Explore how to implement client side hydration to dynamically fetch and render data for an infinite scrolling list. Learn the process of using JavaScript templates to populate HTML, server-side data handling, and styling fixes for long content within real-world frontend components.

Server side #

We first want to get to a point where we have our initial set of data.
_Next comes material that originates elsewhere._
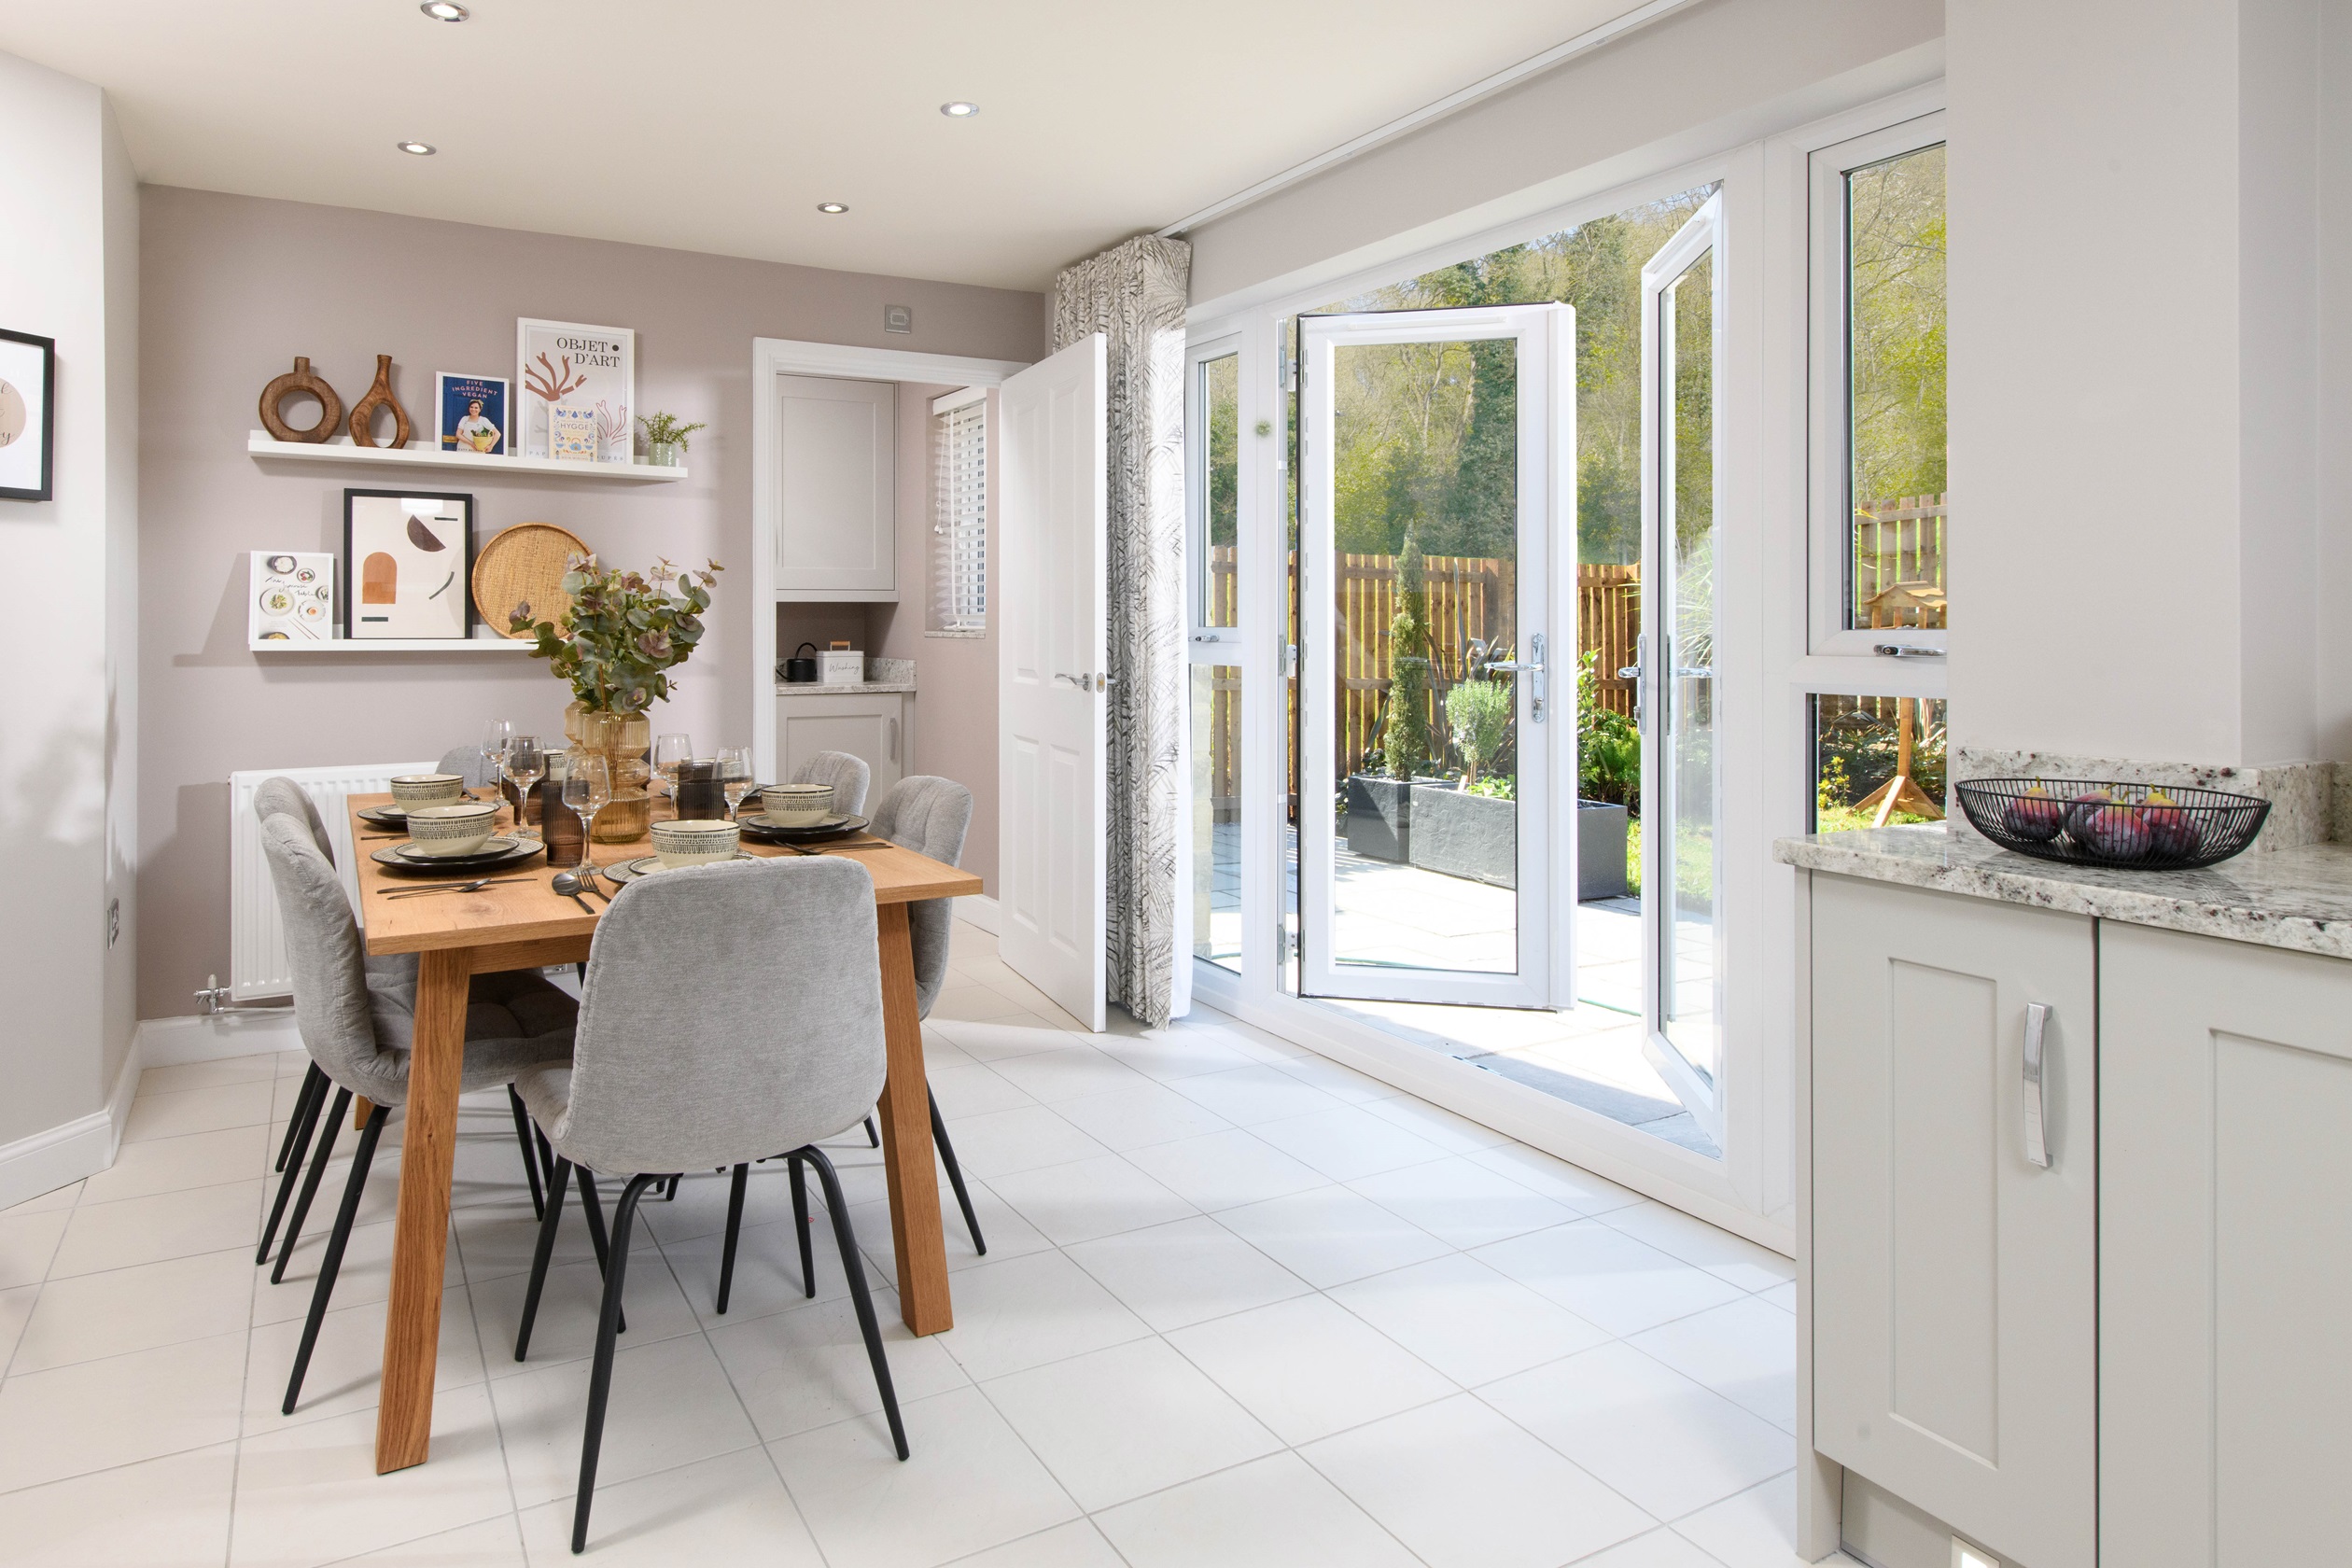 Property 3 of 8. The Mews Windermere Dining Kitchen

As soon as the window loads, let’s pull data from the server and display ​it as a series of tweets.

To know if we’ve succeeded, the server should have some data.

We’ll write a short script to do so:

Javascript (babel-node)
function loadTestData() {
const sampleData = [];
const sampleDataSize = 20;
for (let i = 0; i < sampleDataSize; i++) {
const message = getRandomString({
length: getRandomInteger({min: 10, max: 150}),
includeSpaces: true
});
const firstName = getRandomString({
length: getRandomInteger({min: 3, max: 7}),
includeSpaces: false
});
const lastName = getRandomString({
length: getRandomInteger({min: 3, max: 7}),
includeSpaces: false
});
const handle = '@' + getRandomString({
length: getRandomInteger({min: 4, max: 8}),
includeSpaces: false
});
sampleData.push({
tweet: {
name: `${firstName} ${lastName}`,
message, handle
}
});
}
for (const data of sampleData) {
// Do nothing with result
api.post(HOST + 'tweets', data, () => {});
}
}

Hopefully, this gives a good set of data. I’ve changed the getRandomString function slightly to include spaces only if specified​, since we don’t want ...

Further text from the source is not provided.